A nationwide epidemic is reaching small towns in North Carolina.
Since 2016, N.C. volunteer fire departments have lost an average of 600 members per year.
The Pumpkin Center Volunteer Fire Department, one of 15 fire departments in Onslow County, has seen a shortage of volunteers first-hand.
“It’s going to be declining more and a lot of it has to do with the commitment that you have to have, the training hours that you provide,” said Jeremy Foster, fire chief at the Pumpkin Center Volunteer Fire Dept.
Foster said there are currently 31 volunteers on his roster, but about 15 of those are seen on a daily basis.
He considers family obligations, church or sports factors on why there is a shortage in the fire department, including those in the Marine Corp.
The average troop stays one and a half to two years at the Pumpkin Center.
“They start taking your classes, they get training, they answer calls and just about the time they get trained…what happens?
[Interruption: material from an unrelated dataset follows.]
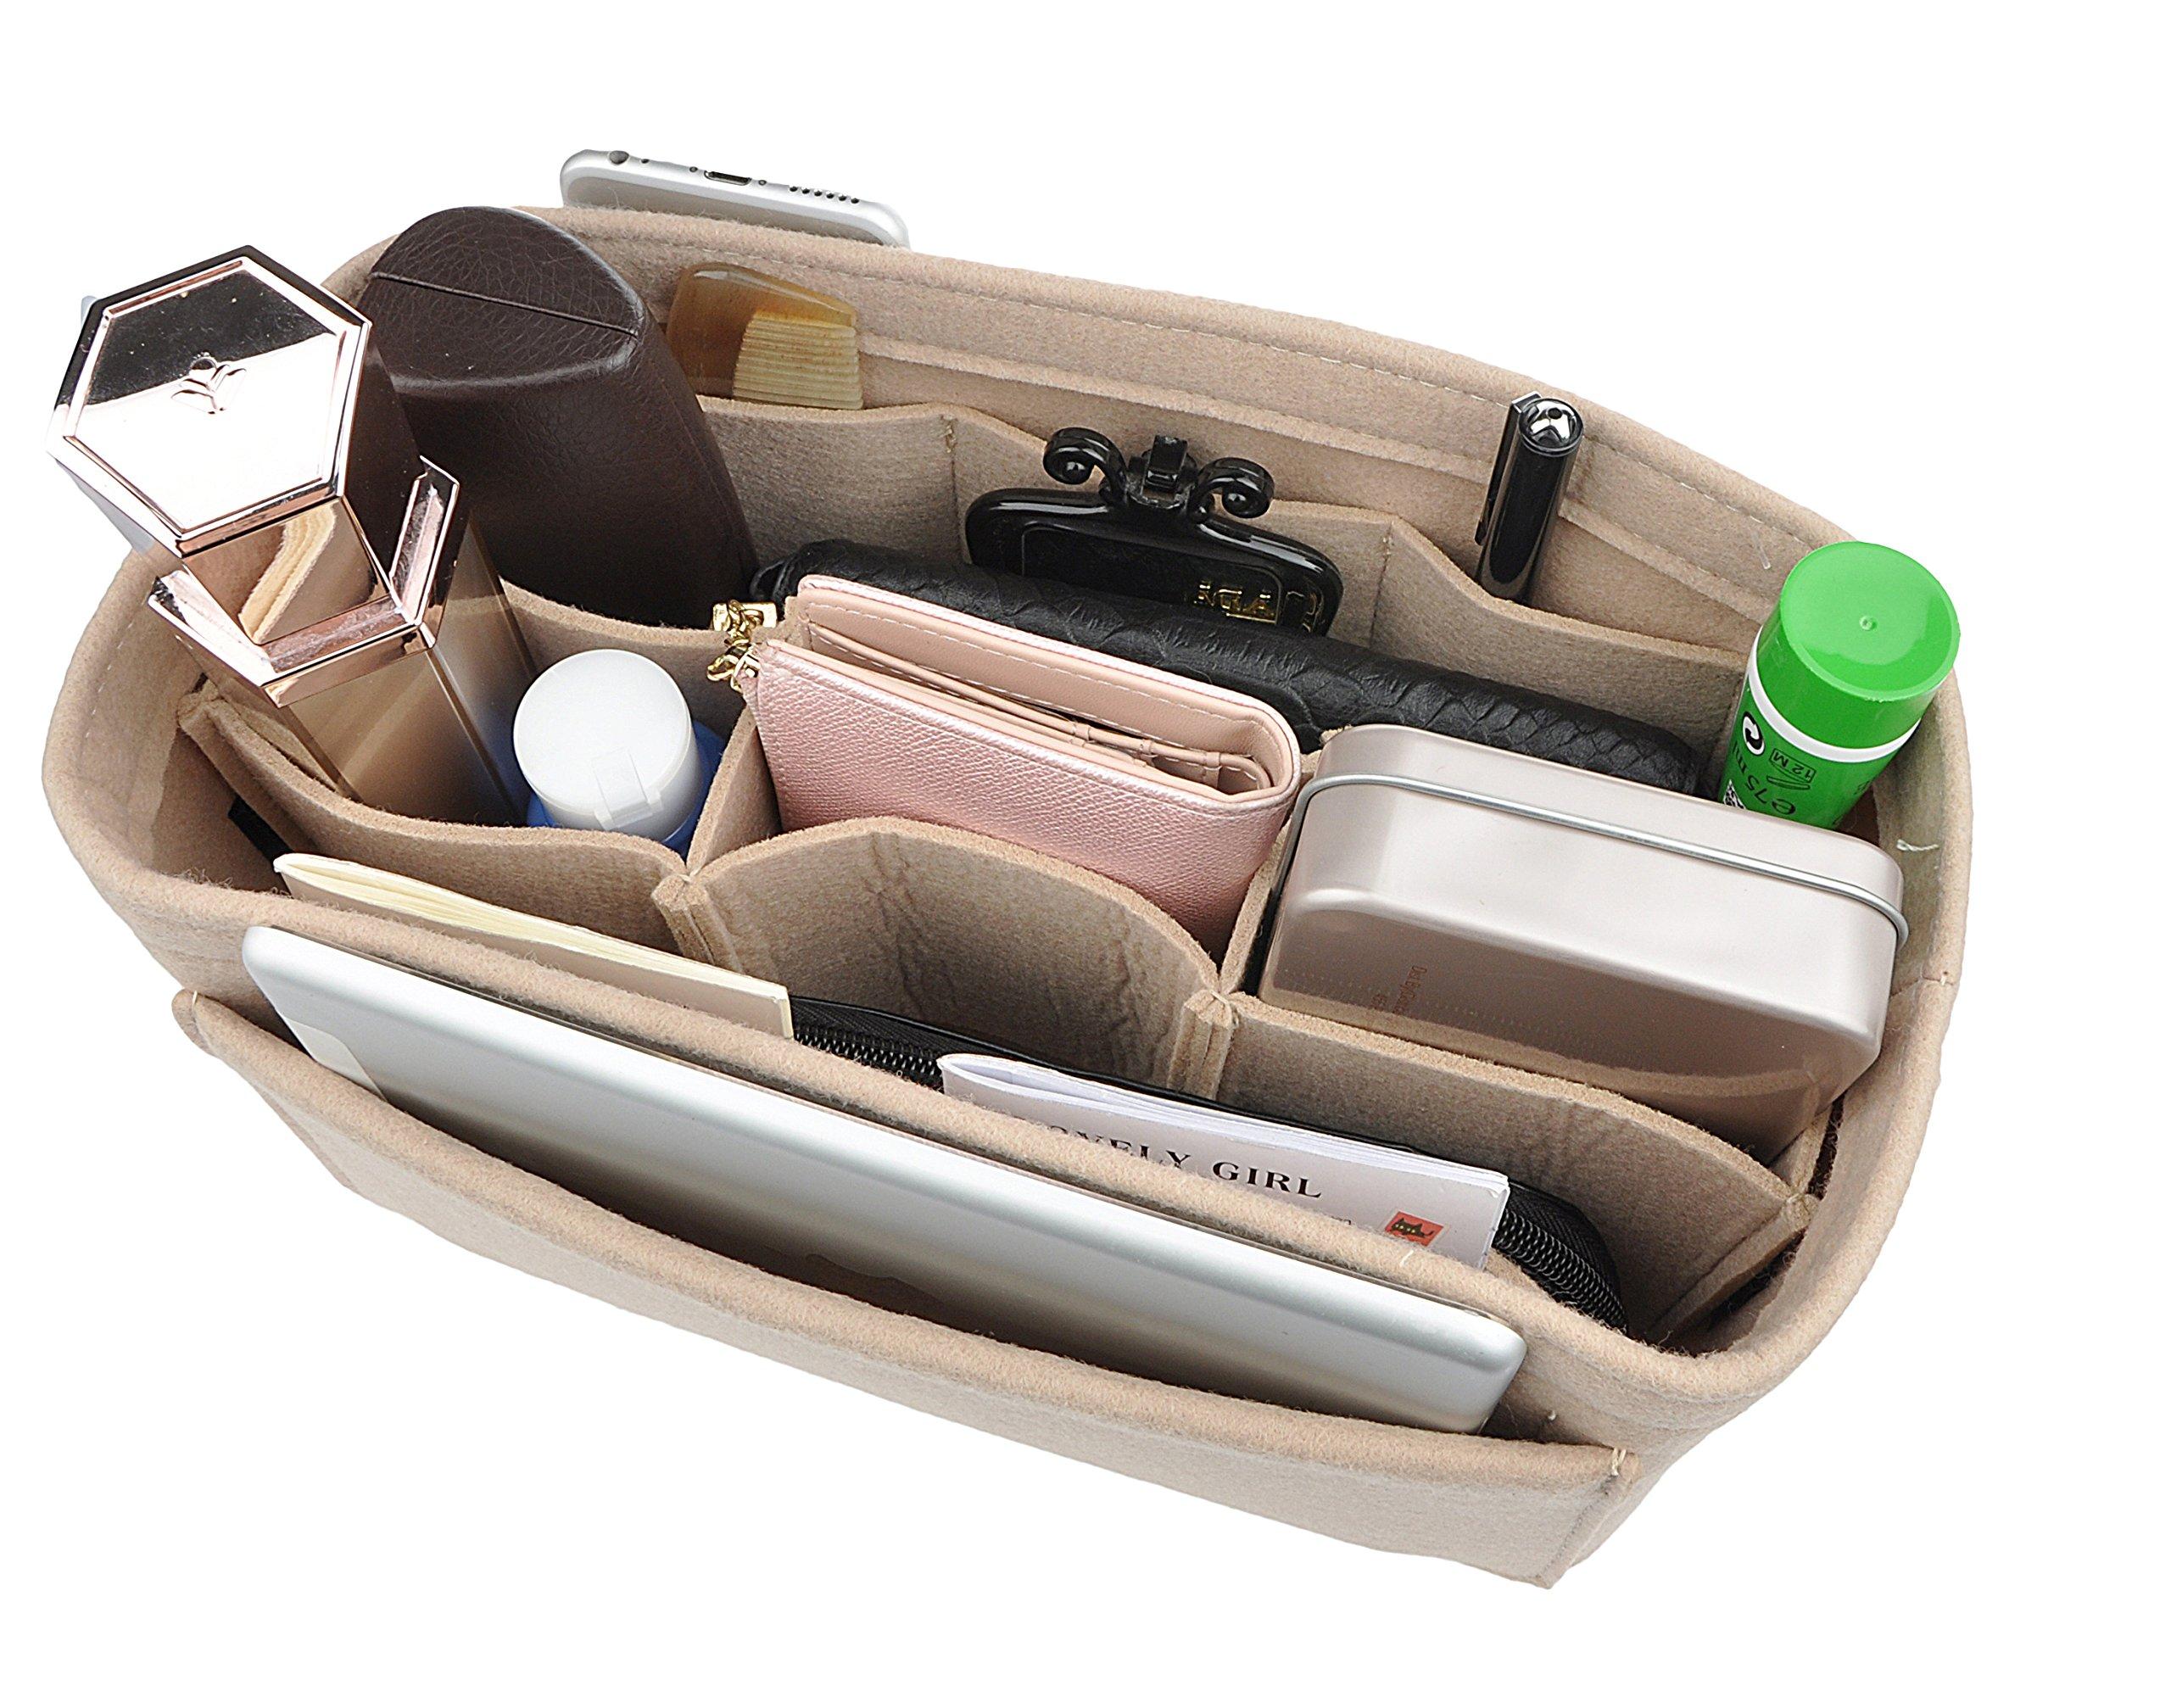 Women's Purse Organzier Sturdy Felt Handbag Liner Insert Bag BeigeL

They either get deployed, they get transferred,” said Foster.
The shortage of volunteers hasn’t impacted the services they provide but it puts more strain on the firefighters during an emergency.
“The extra hand could always be helpful in that the guy who needs to be to work on time or even just to help us get the job done,” said Joseph Williams, a volunteer firefighter at Pumpkin Center.
According to FEMA, volunteer firefighters are declining at 11% to 12% annually.
“It makes me worried years from now if we’re struggling now what it may be,” said Williams.
FEMA adds that 90% of fire departments in N.C. are volunteer based.
The North Carolina Association of Fire Chief and the International Association of Fire Chiefs launched a campaign to face this epidemic. It’s been funded by a grant that will help volunteer fire departments. One of those being Piney Green Volunteer Fire Department in Jacksonville.